Das Tier der sieben Leben

Denn in mir pulsieren nicht nur sieben Leben, in mir pochen auch mindestens zwei Herzen. Ich gebe mich gern so verwöhnt und romantisch wie die flauschigen „Aristocats“ in dem Zeichentrickfilm von 1970, schlüpfe aber auch mit Hingabe in die Rolle des grantelnden Katers Paul in Volker Reiches Comicstrip „Strizz“, der seit 2002 in der Frankfurter Allgemeinen Zeitung erscheint. Ihr eitlen Menschen bekommt mich nur so gut zu fassen wie Batman seine Gegenspielerin Catwoman, die seit 1940 durch eine aufregend undurchschaubare Comicwelt hechtet und hangelt, springt und sprintet. Also: überhaupt nicht. (Hier weiterlesen: Batman und Catwoman)

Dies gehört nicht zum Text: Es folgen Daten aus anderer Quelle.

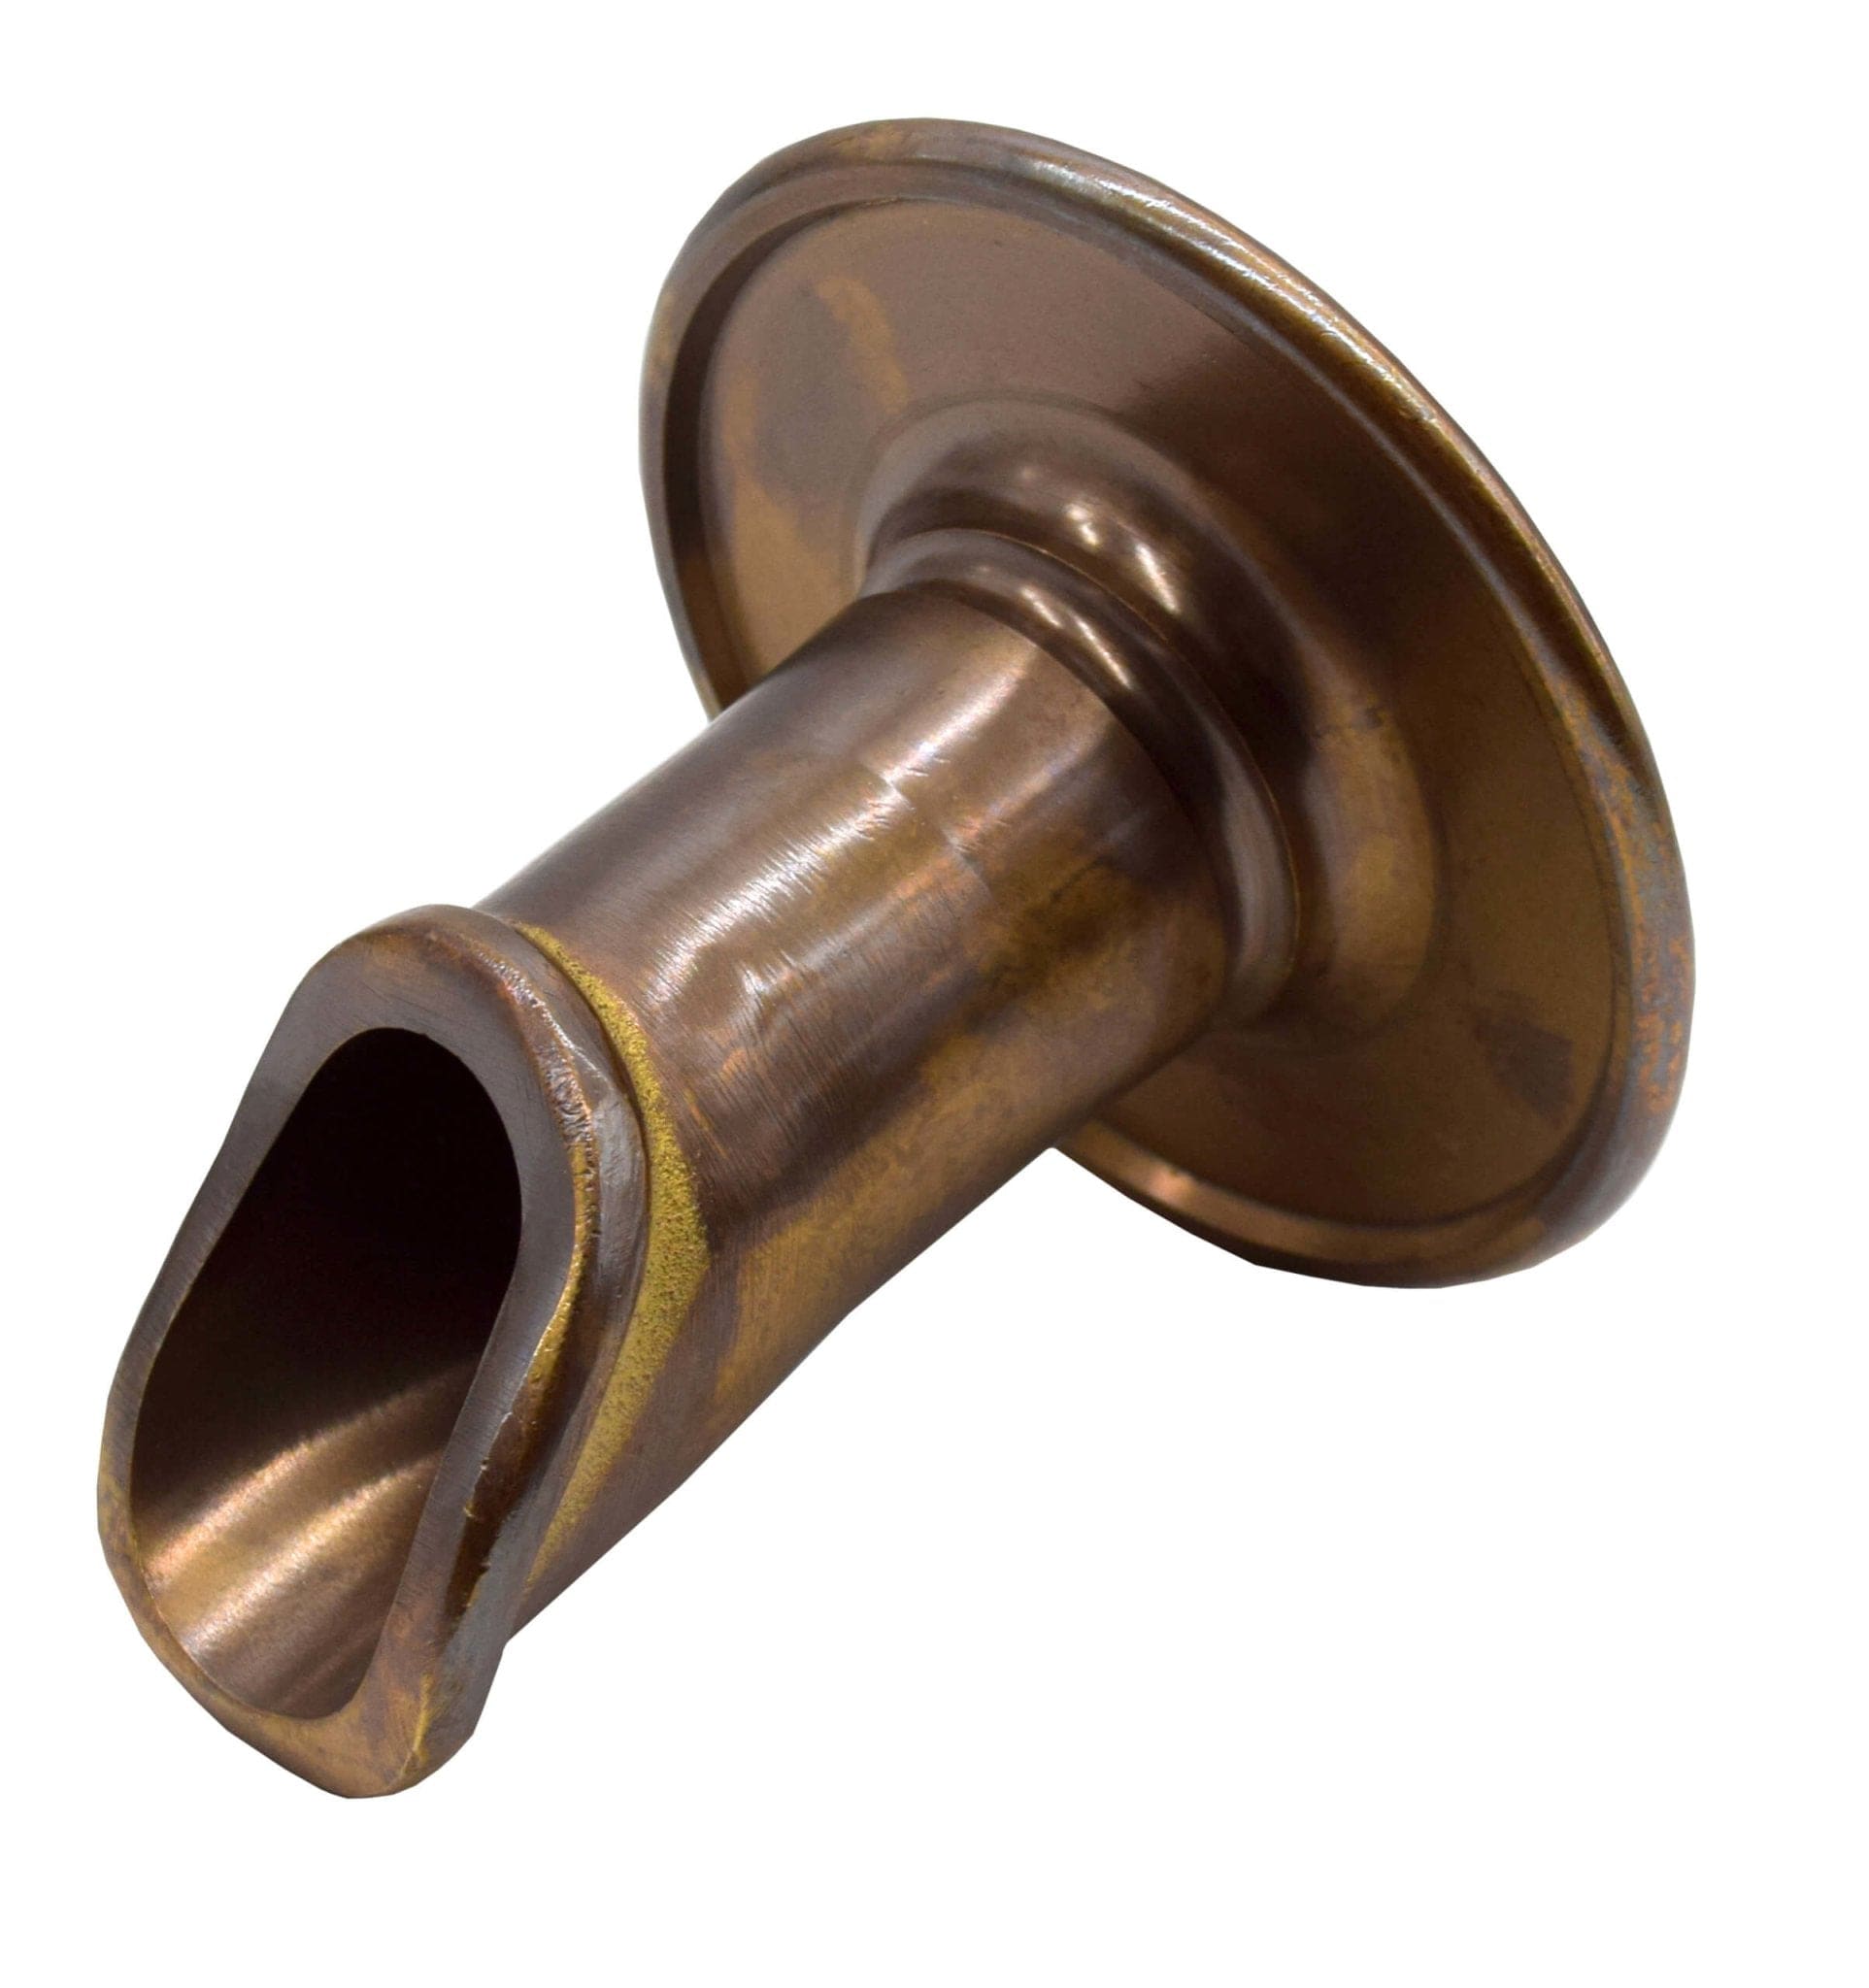 EasyPro Fountain Basalt Vianti Falls Brass Antique Scupper with Round Wall Plate - 2-in.

Katze aus „Alice im Wunderland“

Aber das hält Euch in unablässiger Bewegung. Ihr verehrt in mir, der Katze Minou, das Geheimnis des Lebens und der Liebe selbst – dass man sie nur leben, aber niemals besitzen kann. Ich erscheine Euch deshalb wie Cashire Cat aus Lewis Carrolls „Alice im Wunderland“, jenes Tier, das von seinem Schwanz her verschwindet, bis nur sein höhnisches Grinsen übrig bleibt. Oder wie jene fadendünne Katze, die der Bildhauer Alberto Giacometti aus Bronze formt – ein Lebewesen als Chiffre der Unfassbarkeit. (Hier weiterlesen: Feinfühlige Kunst - der Impressionismus)

Gestiefelter Kater

Wie gut nur, dass ich dann wieder zur Stelle bin, um Euren holprigen Lebensverlauf wieder in geschmeidigen Fortgang zu bringen. Als Gestiefelter Kater eile ich Euch märchenhaft schnell voraus, bringe ins Gleis, was Euch hemmen könnte. Als namenlose Katze bringe ich ein wenig Wärme in jene zur Feindschaft ausgekühlte Ehebeziehung, der Jean Gabin und Simone Signoret 1971 in der Verfilmung des Romans „Die Katze“ von Georges Simenon beklemmende Gegenwart verleihen. Aber am liebsten halte ich mich von solchem Zwist fern. Lieber sitze ich statuenhaft neben einem steinernen Buddha, selbst ein Gefäß der Stille, ein Reservoir der Zeit. Aber ich, Eure geschätzte Minou, bin ja auch ewig. Das sagte ich eingangs schon. So grüße ich Euch aus der Zeitlosigkeit mit Miau und Pfotendruck. Minou (Nach Diktat irgendwohin entschwunden).